Ich wollte sie am liebsten in den Arm nehmen und sagen, dass ich sie niemals verlassen würde und das wir immer zusammen bleiben würden. Doch diese Aussage hätte sie mir nicht (mehr) in dieser Form geglaubt.  Sie wusste nun darum, dass Menschen sterben und dann einfach weg sind.

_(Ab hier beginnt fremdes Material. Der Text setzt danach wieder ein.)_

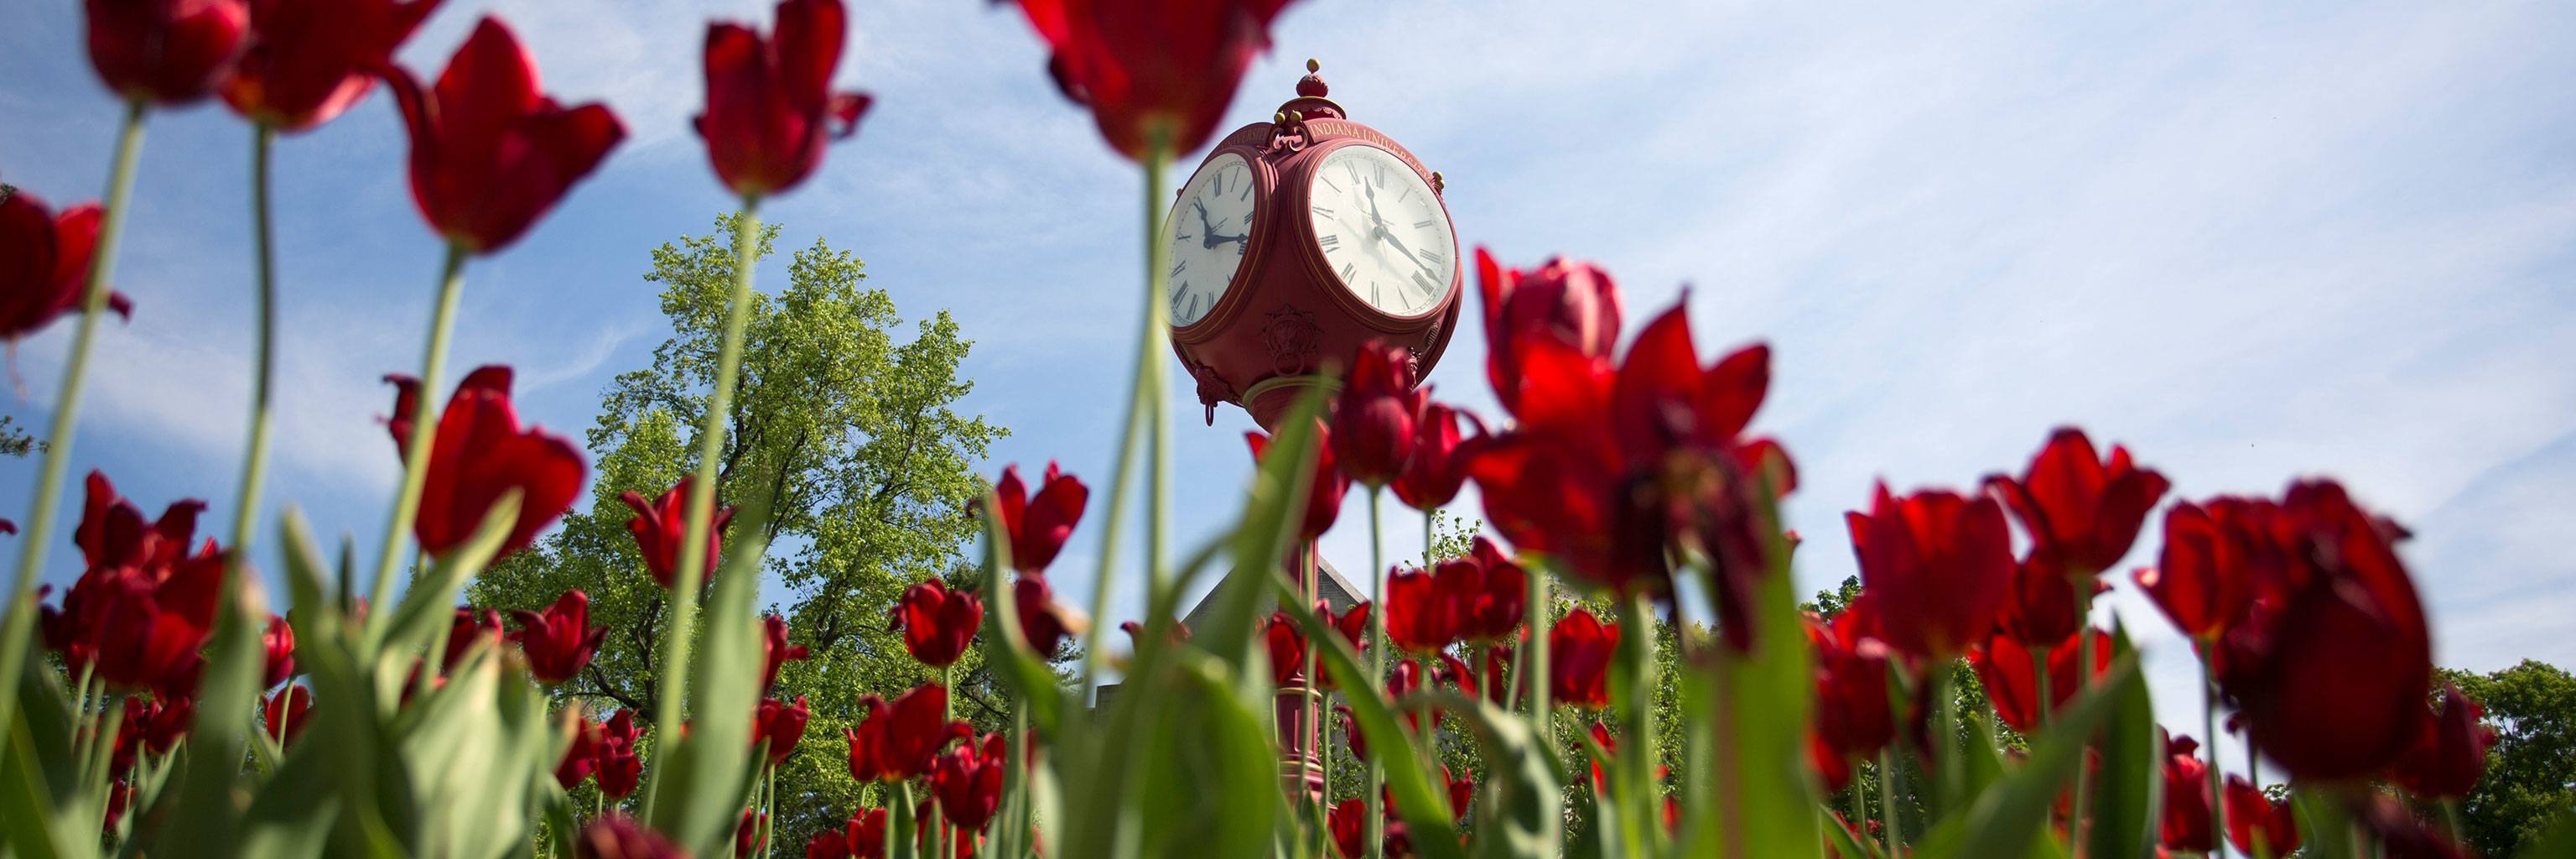 Red tulips and a red clock.

So blieb uns nichts übrig, als den Schmerz gemeinsam auszuhalten und gemeinsam eine Lösung für uns zu finden. Ein Leben nach dem Tod war tröstlich. Für sie wie für mich. So wäre ich noch da, auch wenn ich nicht mehr da bin. Gemeinsam imaginierten wir unseren zukünftigen Tod (nicht das Sterben!) in einer Weise, die wir beide nicht nur ertrugen, sondern die uns Trost spendete.

Meine Tochter wuchs mit jeder Frage zum Thema Tod. Ihre Welt ist nun eine andere. Und meine Welt auch. Dank ihr habe ich mich dem Tod in einer Weise gestellt, die ich mein Leben lang vermied. Zusammen haben wir den Tod nun verstanden und nicht verstanden zugleich.

 

Literatur

Belliger, Andrea; Krieger, David J. (Hrsg.; 2008): Ritualtheorien. Ein einführendes Handbuch*; VS Verlag.

van Gennep, Arnold (2005): Übergangsriten*; Campus.